Minikube是一个工具,可以在本地快速运行一个单点的kubernetes,仅用于尝试kubernetes或日常开发的用户使用。

官方地址:https://kubernetes.io/docs/setup/minikube/

1.2、kubeadm

Kubeadm也是一个工具,提供kubeadm init和kubeadm join,用于快速部署kubernetes集群。

官网地址:https://kubernetes.io/docs/reference/setup-tools/kubeadm/kubeadm/

1.3、二进制包

推荐的生产环境部署方式,从官网下载发行版的二进制源码包,手动部署每个组件,组成kubernetes集群,也有助于理解kubernetes整个集群的构成。

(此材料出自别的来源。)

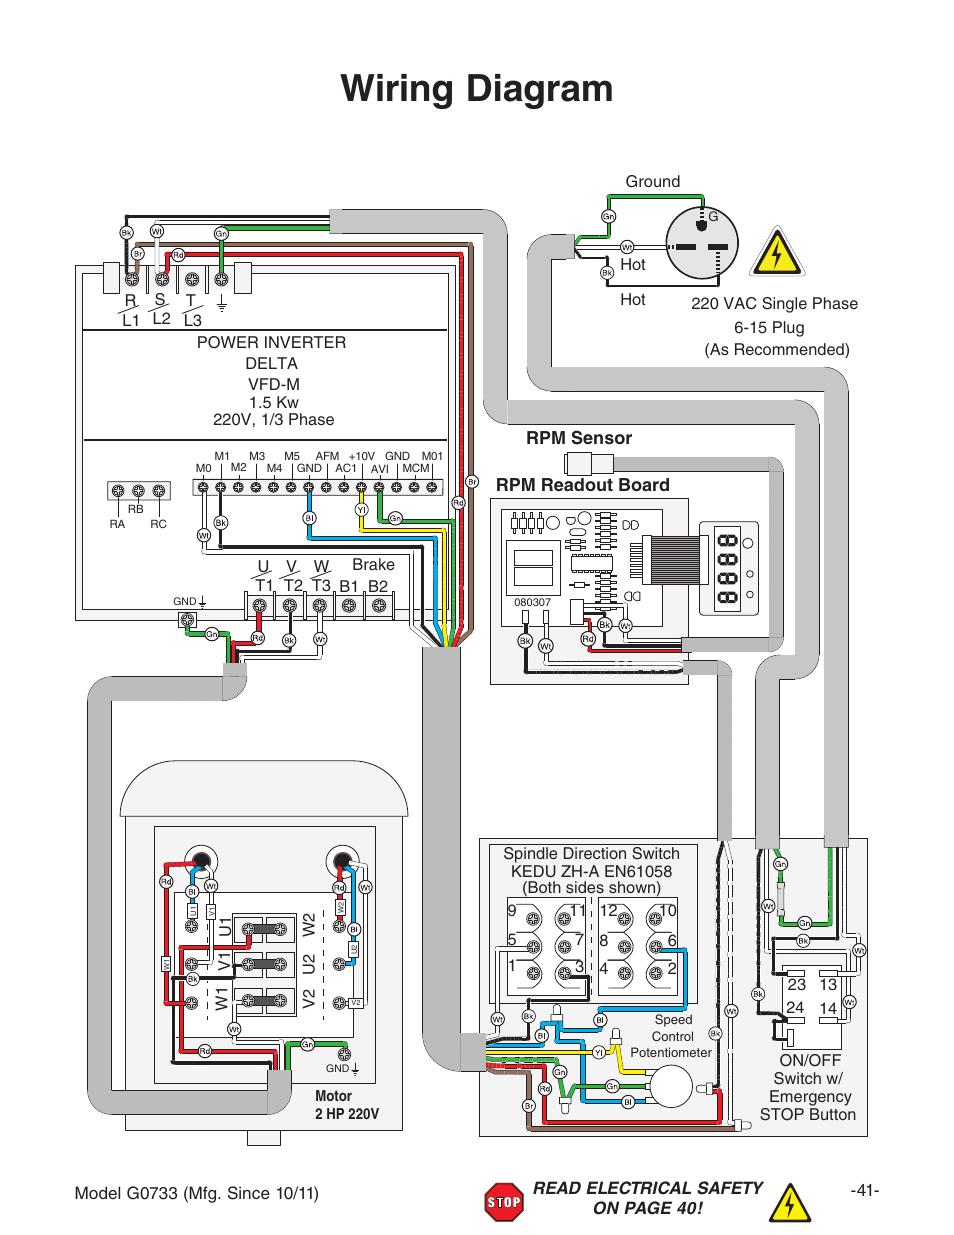 medium resolution of kedu zh hc 3 wiring diagram wiring diagram third level kedu switch wiring diagram kedu switch wiring diagram

下载地址:https://github.com/kubernetes/kubernetes/releases

二、kubernetes平台环境规划

2.1、软件和服务器环境规划

你需要准备一台或多台服务器,这里我准备了三台虚拟机,分别如下:

  • OS:CentOS Linux release 7.6.1810 (Core)

  • 软件版本:

    • Kubernetes 1.14
    • Etcd 3.3
    • Docker version 18.09.5
    • Fannel 0.10
  • Load Balancer我复用了两个master(因为机器不够),生产环境应该是两台负载均衡服务器;

2.2、平台架构图

2.2.1、单Master节点

适用于做实验环境,能节省机器开销,不建议上生产。本次实验先部署单Master节点的架构图,如果需要做多Master,后面再横向扩展也很容易

2.2.2、多Master节点

整个集群一般需要8台以上服务器,适用于生产环境,每个功能有对应的服务器支撑,保障线上k8s集群的健壮性,也是为业务保驾护航。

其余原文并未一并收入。